[Dataset content]
=======

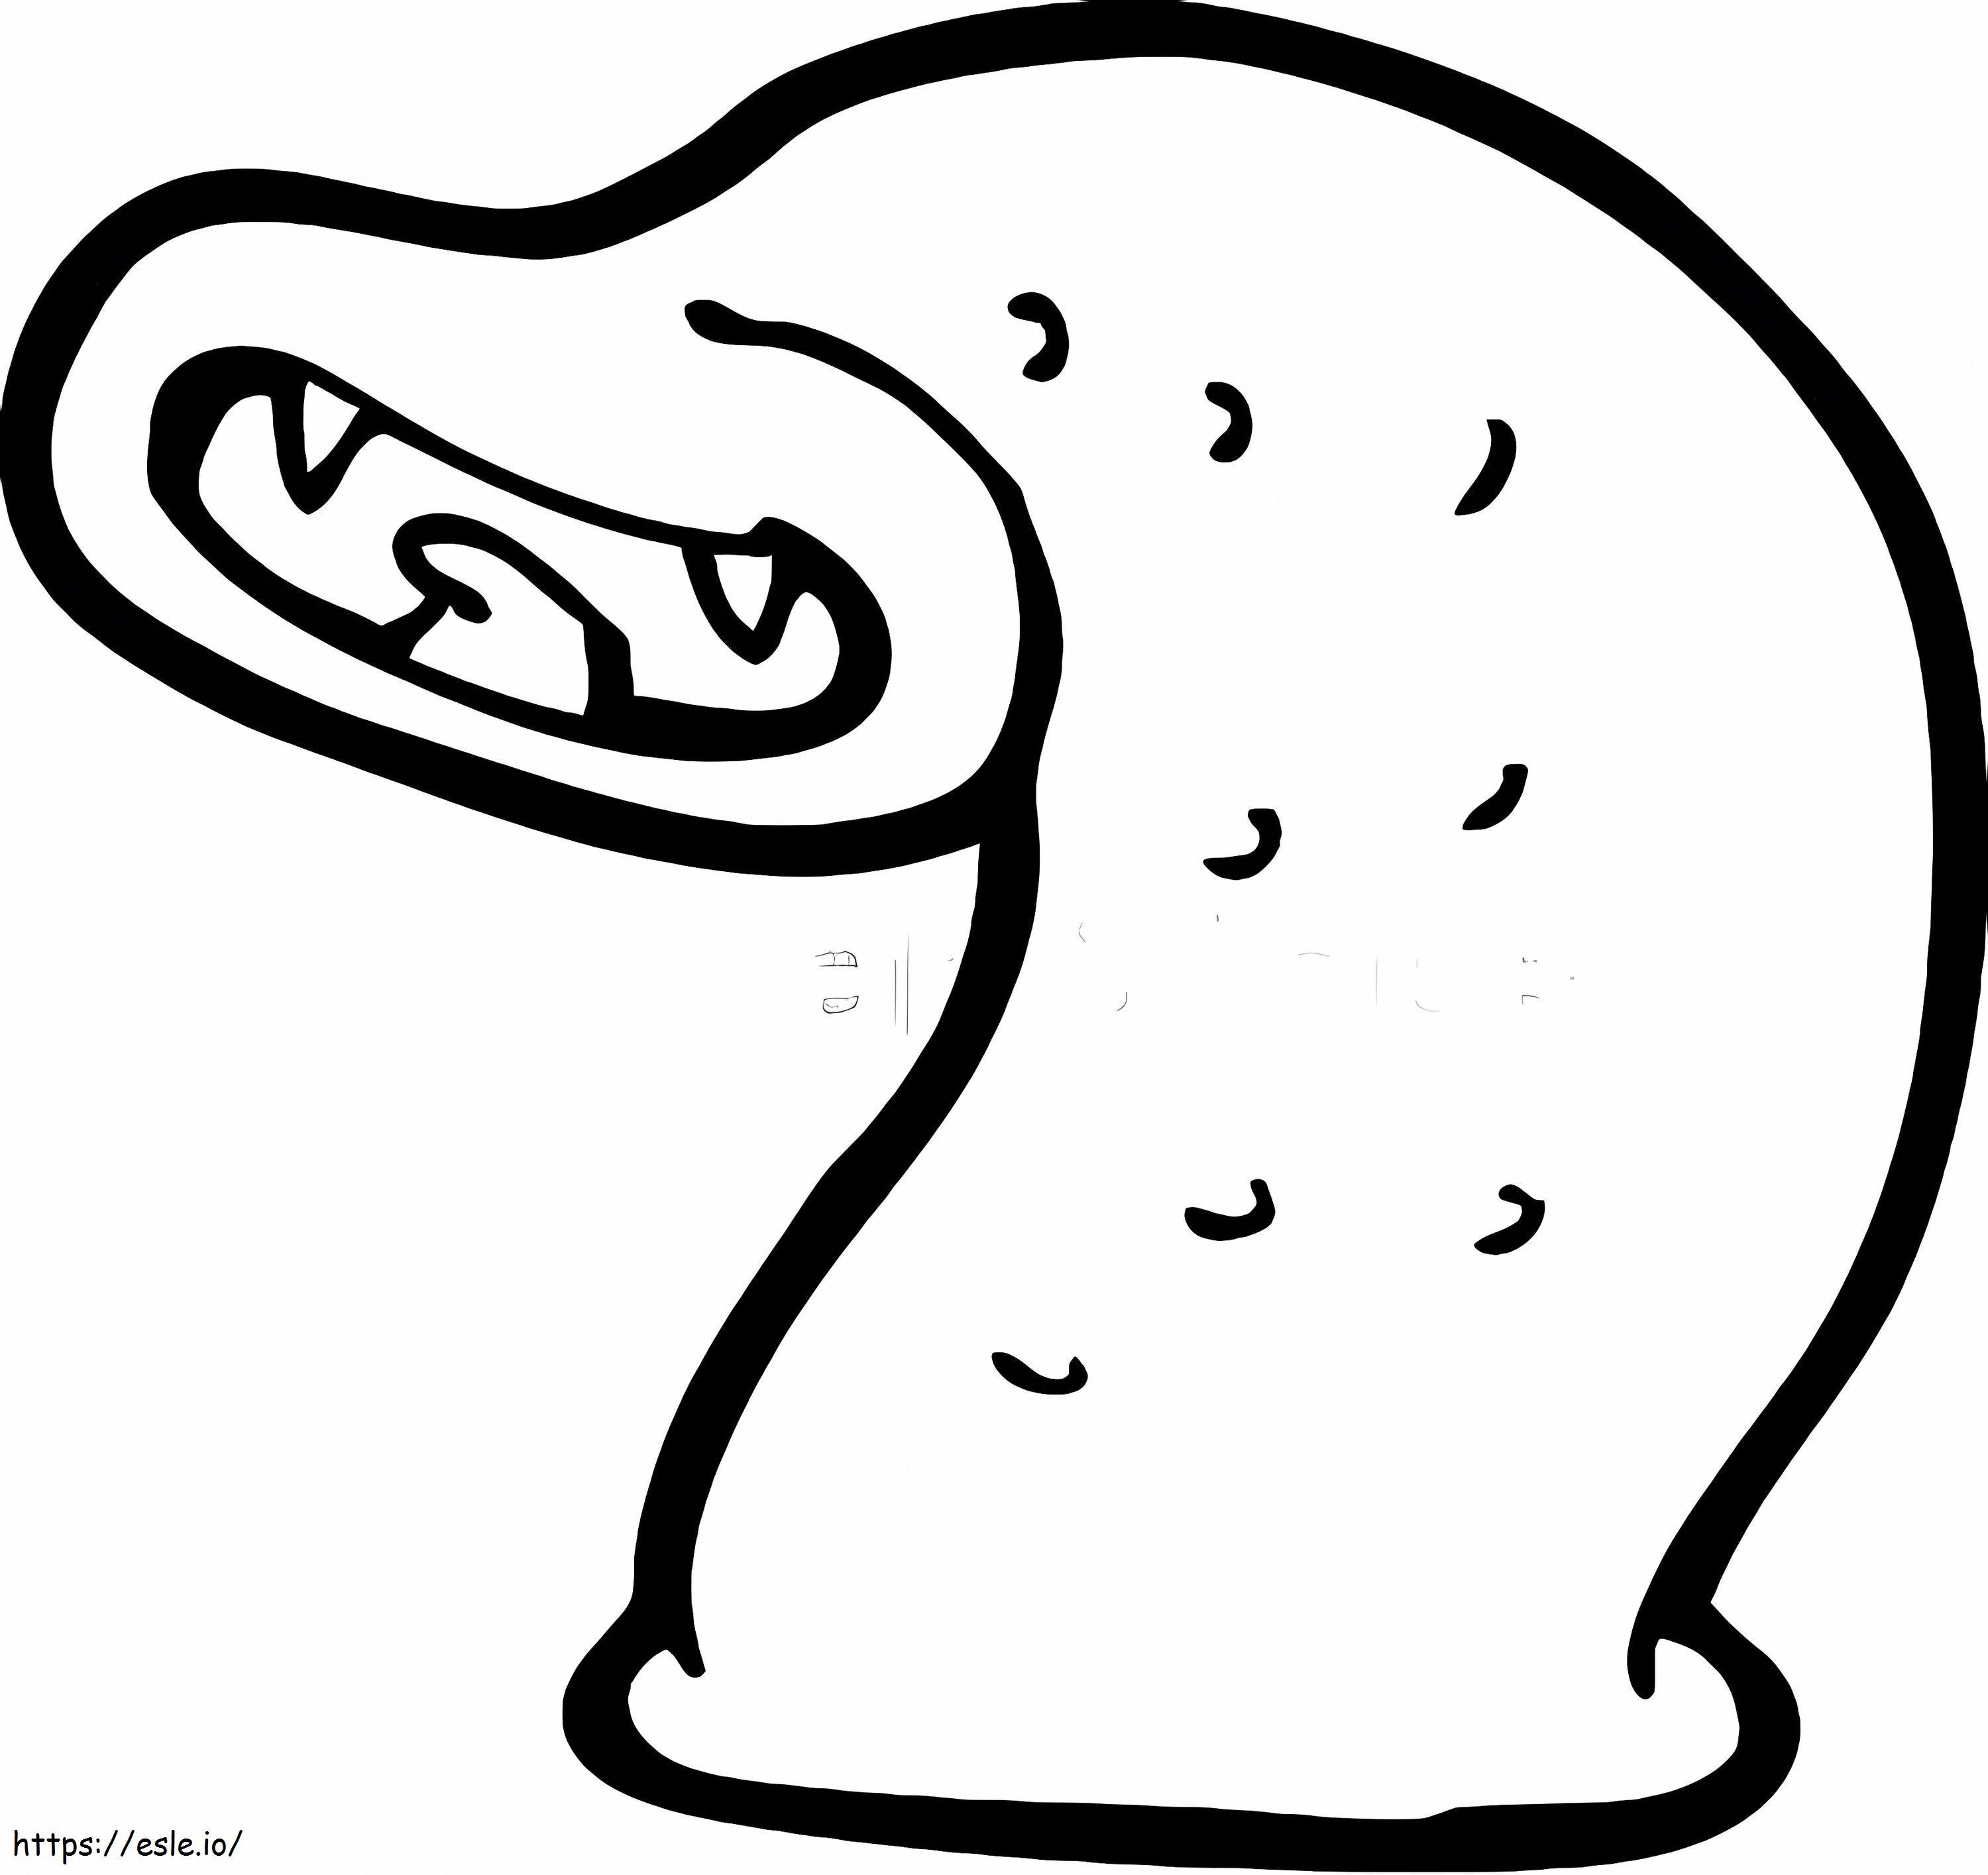 Leech Smiling coloring page
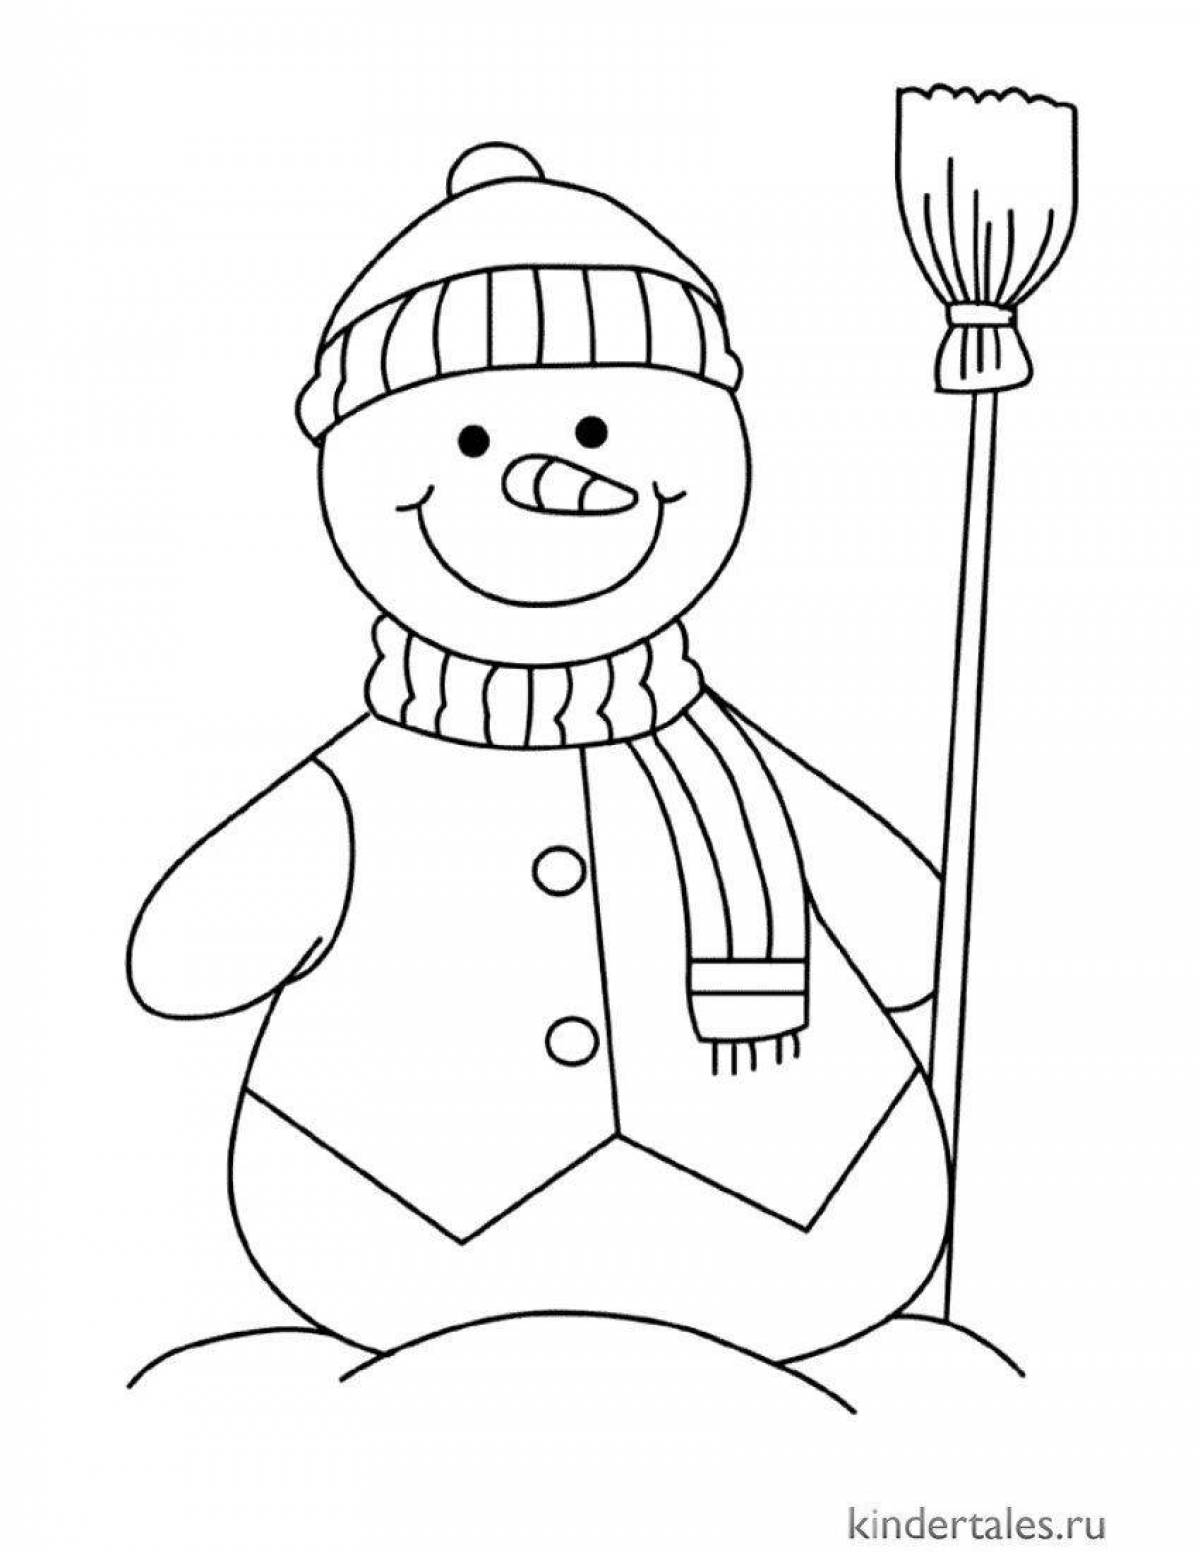 Exquisite snowman coloring book for kids
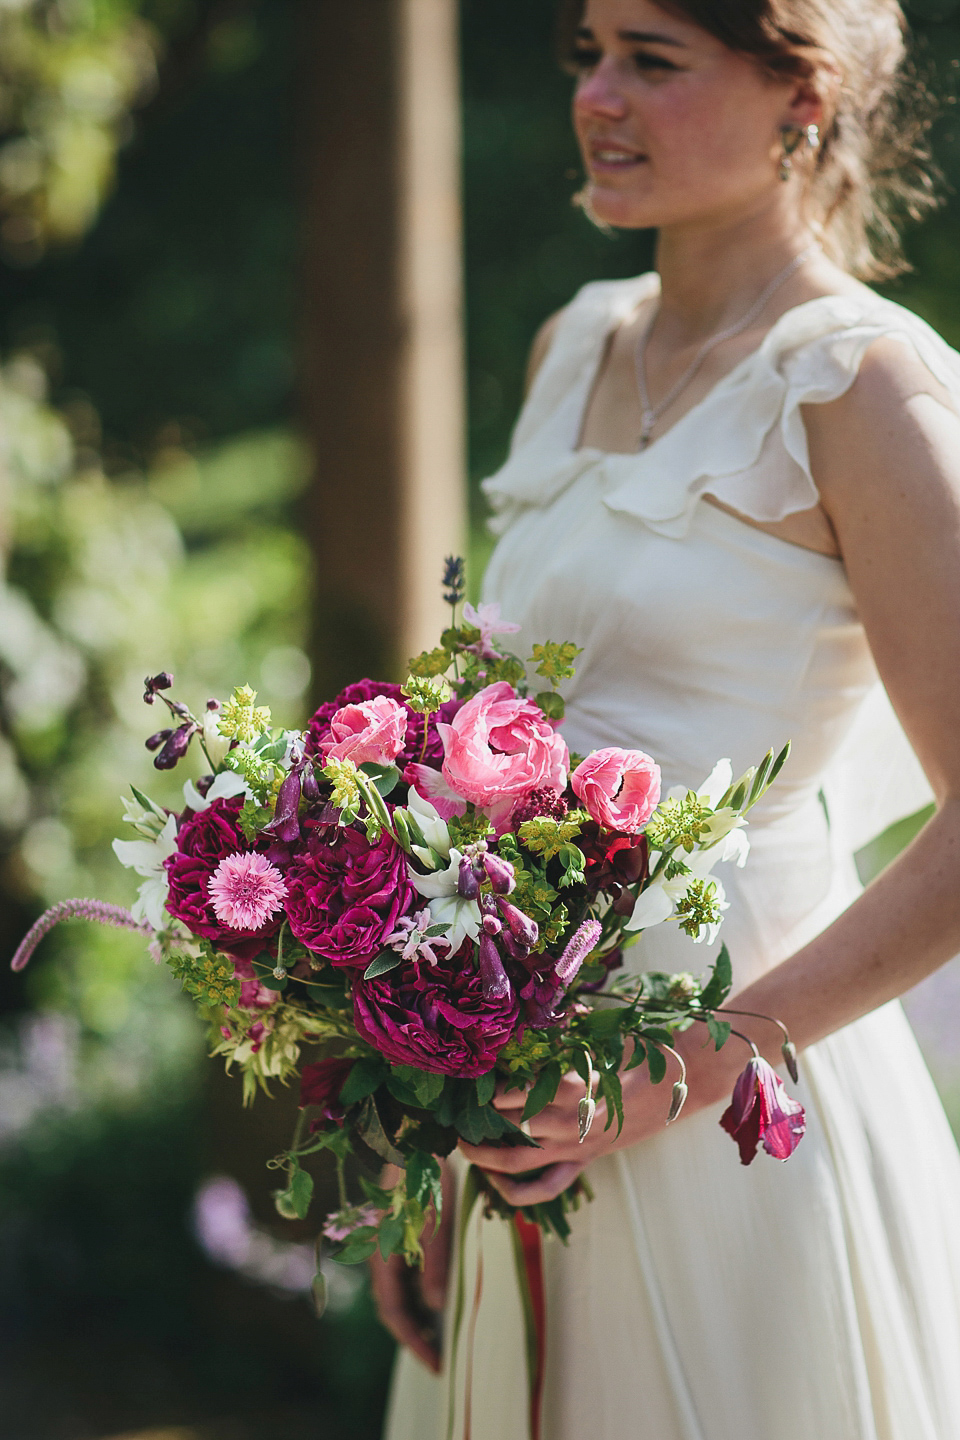 English country garden wedding elegance at Mapperton Gardens. Gowns by Belle & Bunty and floral styling by the wonderful Charlie Ryrlie of The Real Cut Flower Garden. Photography by Helen Lisk.
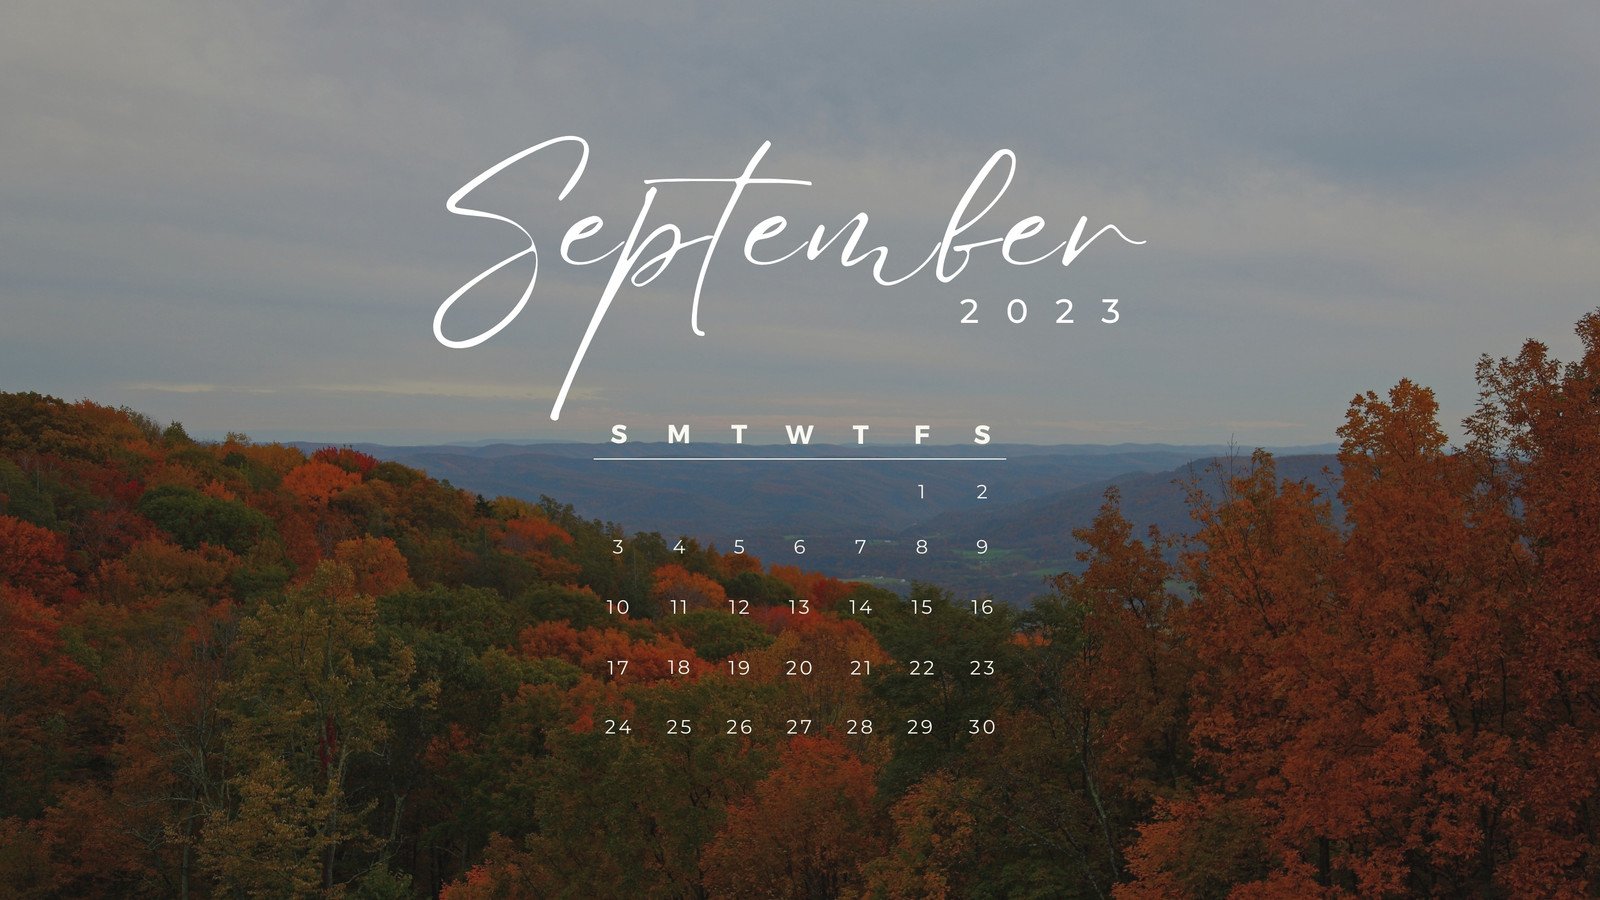 Free Downloadable Tech Backgrounds for September 2020  The Everygirl

=======

[Your goal] Transcribe the whole listing above exactly and leave out the pictures.

[Result of this exercise]
 Leech Smiling coloring page
 Exquisite snowman coloring book for kids
 English country garden wedding elegance at Mapperton Gardens. Gowns by Belle & Bunty and floral styling by the wonderful Charlie Ryrlie of The Real Cut Flower Garden. Photography by Helen Lisk.
 Free Downloadable Tech Backgrounds for September 2020  The Everygirl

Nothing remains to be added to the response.